I hear you and I answered on dr. A's blog. What do doctors want? To medicate you. I was prescribed anti depressants, I should think about contraception, I'm sure they want to put me on statins. My GP called today to say I should repeat bloods to see what happened to my lipids. I asked for a referral to see an endo. She's not listening. So, no, nothing has been done regarding low T3. Dr. Harris thinks maybe on low carb one's T3 is lower and it's not something to worry about. So much speculation. Do you go on his forum?
I've started at last with 5k D3 from iherb and vit K2. I'm curious about my gums.

Nigel Kinbrum said...

Hi lightcan.

If your son has a bloated tum, try him on non-gluten carbohydrates i.e. everything except wheat/spelt, rye & barley. Oats contain avenin, a relatively harmless form of gluten so see how he gets on with that. My ex-G/F's son has eczema and he avoids gluten to keep his skin clear. She has DH & SS so she also avoids gluten.

As for you, I did say that until your FT3 is in the Reference Range (the middle of it preferably), your health problems (sky-high cholesterol, hair loss, feeling cold & sluggish, depression etc) won't go away.

I do read Kurt G Harris' blog. Low FT3 when in caloric deficit may be normal but you aren't in caloric deficit. Your weight hasn't significantly gone down or up so your FT3 should be in the RR, not way below the bottom of it.
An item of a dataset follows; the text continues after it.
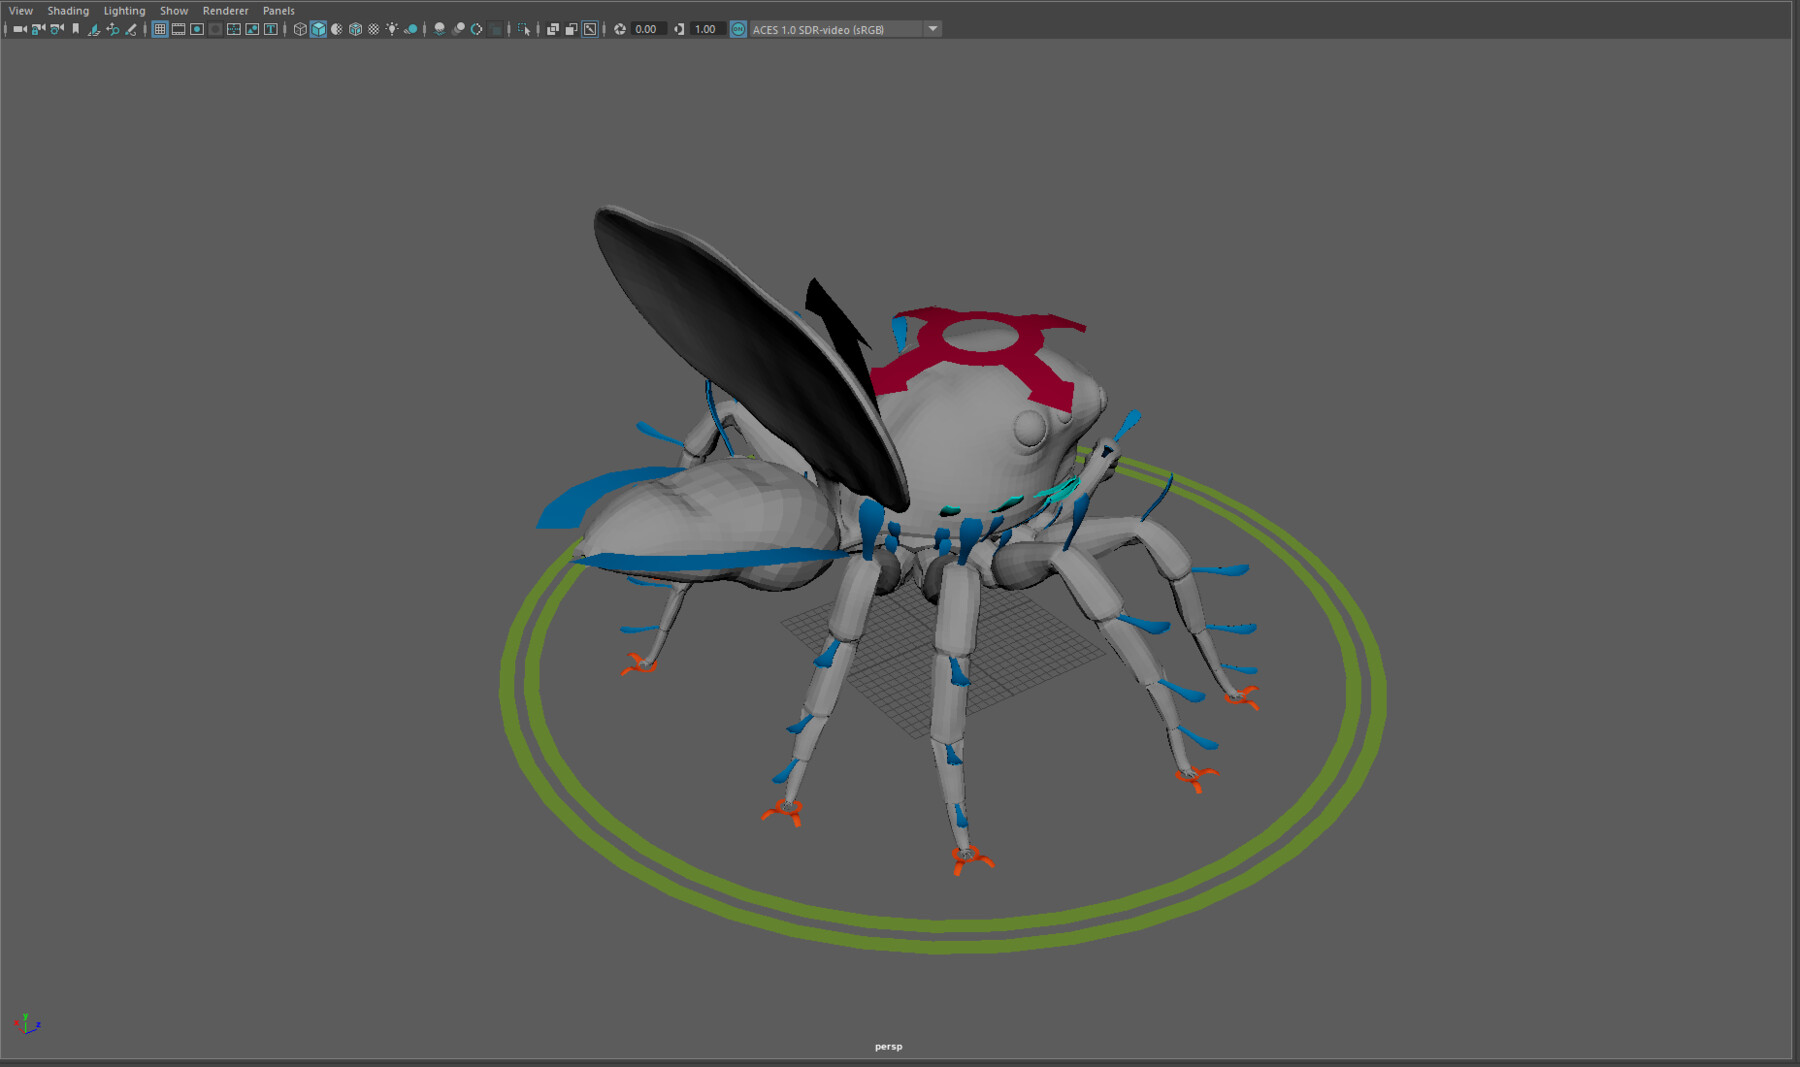 ArtStation - Peacock Spider Rigging Tutorial

Do a deal with your GP. Tell her that you're willing to do things her way (take anti-depressants, statins etc) if and only if she gets your FT3 into the middle of the RR and it doesn't make any difference. This has gone on for way too long. Why are you curious about your gums?

I'm having an inguinal hernia operation today so I won't be around later to answer any questions. Hopefully, I'll be back tomorrow.

Nige.

lightcan said...

Thank you again for your suggestions. It's good to have somebody to talk to.
I hope your operation goes well.

I had serious gum disease with gum recession about 3 years ago. I'm seeing the hygienist every 4 months now for cleaning. I'm trying to preserve my bone tissue.

Nigel Kinbrum said...

Hi lightcan.

Thanks. I'm back again. The Vitamin K2 should help your bones. As for your gums, the only things off the top of my head that I can think of that adversely affect gums are Vitamin C deficiency and Co-enzyme Q10 deficiency.

Nige.

plastic surgery marketing guide said...

Eating more whole grains isn't just a new fad though, eating more whole grains can help with weight management, reduce the risk of coronary heart disease, reduce constipation, and eating grains fortified with folate.

Nigel Kinbrum said...

Hi plastic surgery marketing guide,

As my post points out, most "whole grain" cereals don't contain whole (i.e intact) grains.

Why is eating grains so important? There's nothing in grains that you can't get from other foods.